Atm I run multiple 82572EI cards in 5 different systems and no NIC hangs at all @24/7.

In Private I had problems in the past with cheap chinese clone cards that died or chrashed because of thermal issues. Exspecially with X540/550 cards. When I found out, I improved the cooling. Since then no probs any more.

ipfireuser87 · 9 October 2021 11:03

Thats my system

https://fireinfo.ipfire.org/profile/17d94e763f9ebbd470a3e57866faffd5b7caf12f

Network

Intel Corporation ‐ 82574L Gigabit Network Connection (e1000e)

Network

Intel Corporation ‐ 82579LM Gigabit Network Connection (e1000e)

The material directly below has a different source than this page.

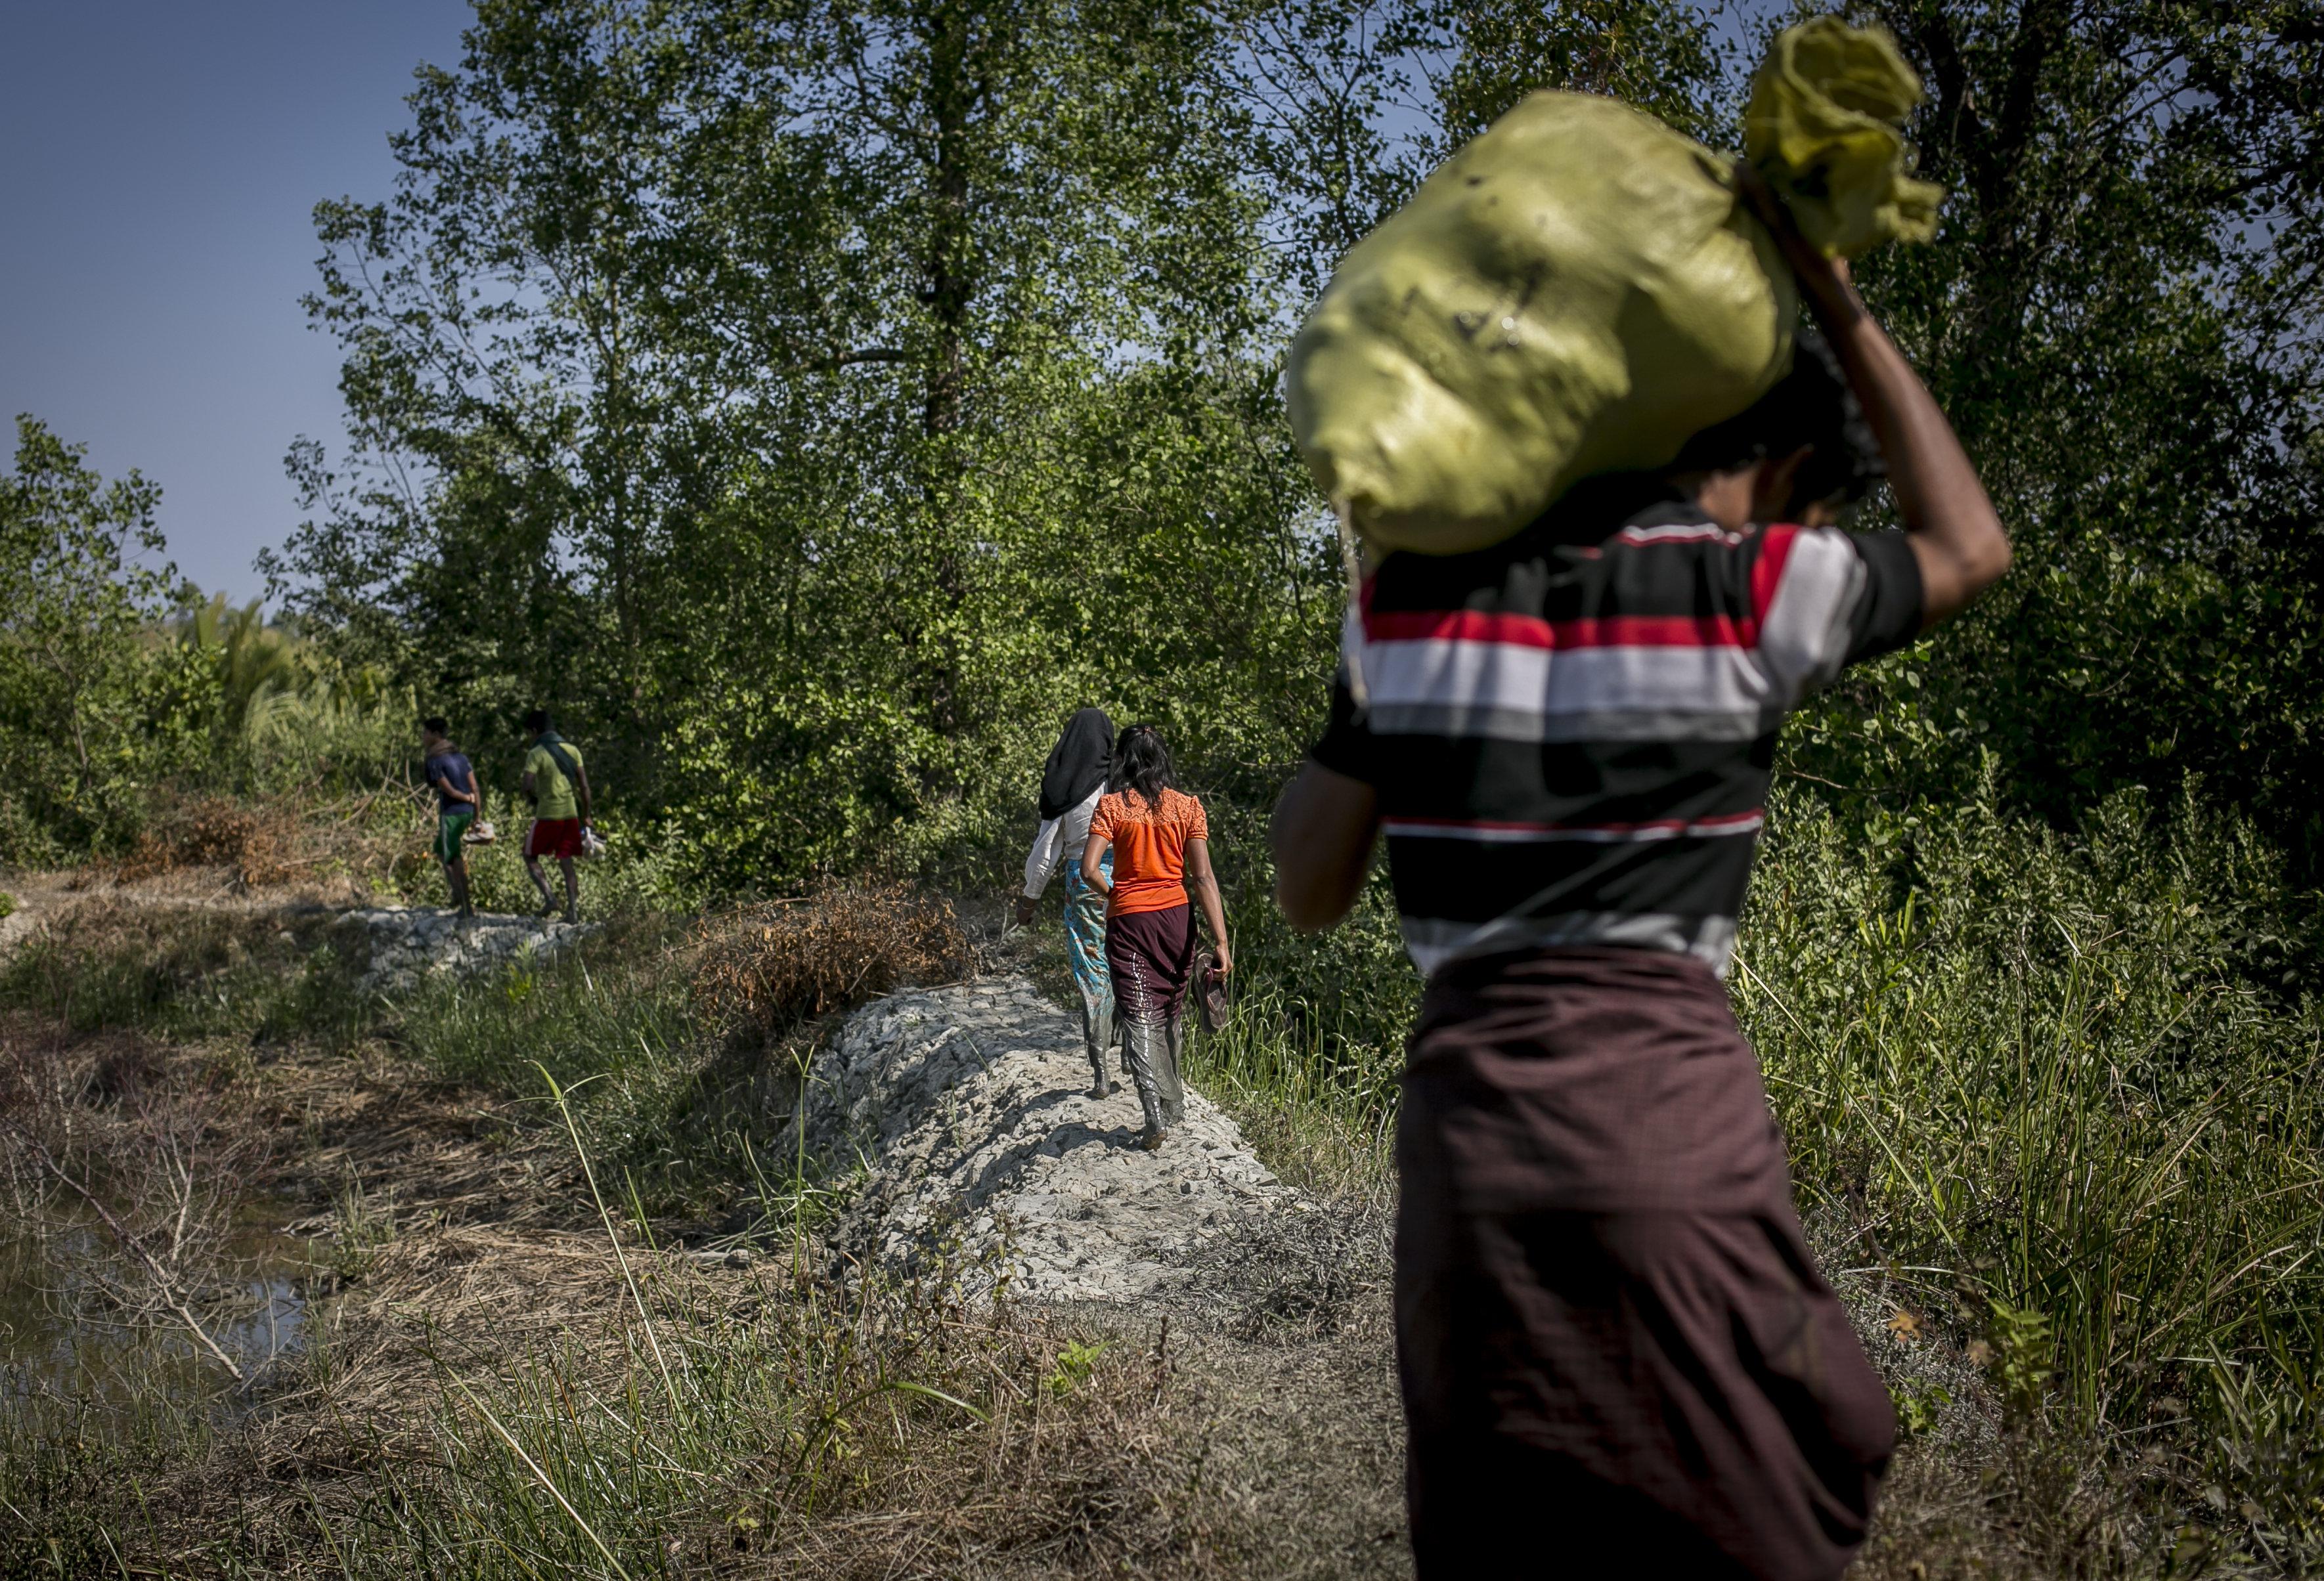 A Rohingya family fleeing from Dekibonia village in Myanmar crosses into Bangladesh on Feb.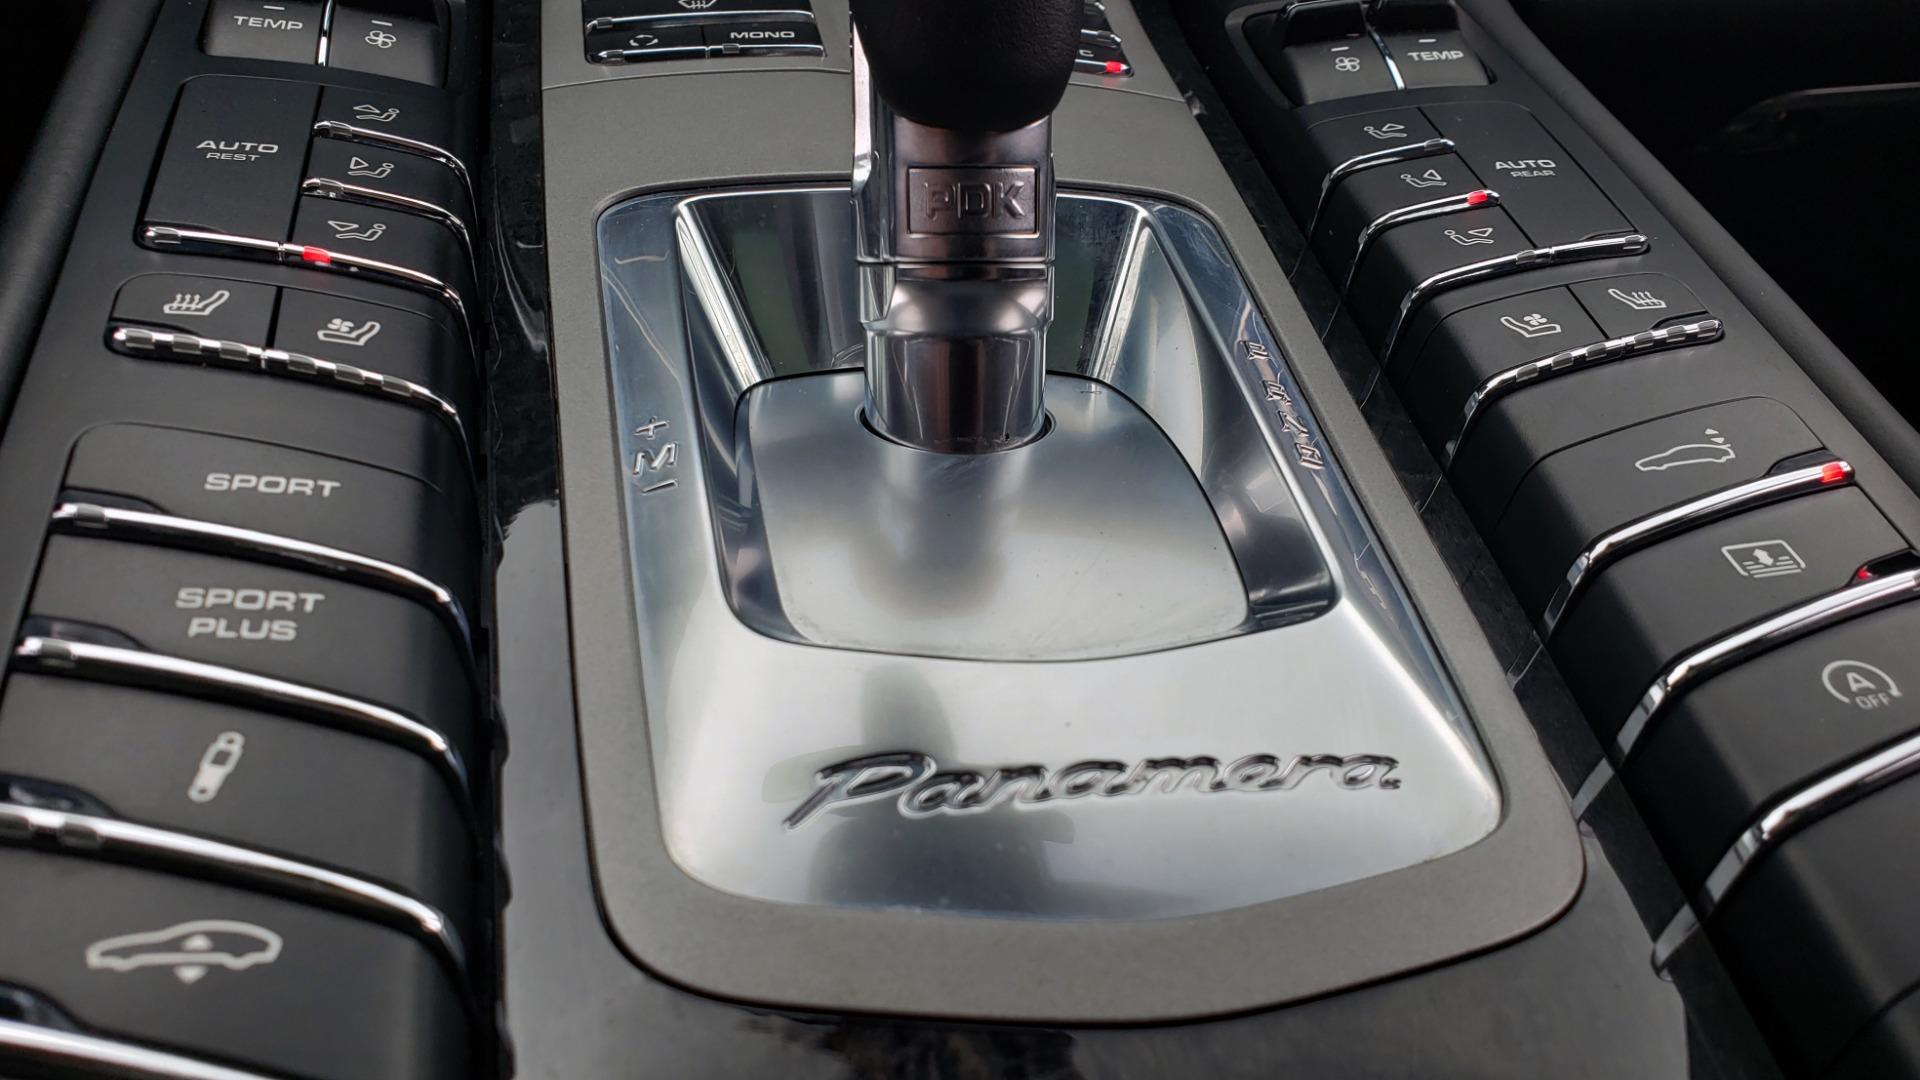 Used 2013 Porsche PANAMERA TURBO 4.8L V8 / AWD / NAV / SUNROOF / LCA / PARK ASST / BURMESTER for sale $45,995 at Formula Imports in Charlotte NC 28227 51

https://www.supermicro.com/products/motherboard/Xeon/C202_C204/X9SCL.cfm

On-Board Devices
$\ 337x1$
Chipset * Intel® C202 PCH chipset
SATA * 6x SATA2 (3Gb/s) w/ RAID 0, 1, 5, 10
Network Controllers * Intel® 82579LM and 82574L, 2x Gigabit LAN ports

Virtual Machine Device Queues High efficient I/O overhead
Supports 10BASE-T, 100BASE-TX, and 1000BASE-T, RJ45 output

xperimental · 9 October 2021 11:25

Is the BIOS up to date? There is an update form 2021 to fix: “1. Fixed problem of system hanging when entering setup with system date year 2021.”

There is nothing else you can do about it, but using other NICs. But first I would swap the NICs to see if this is really hardware related.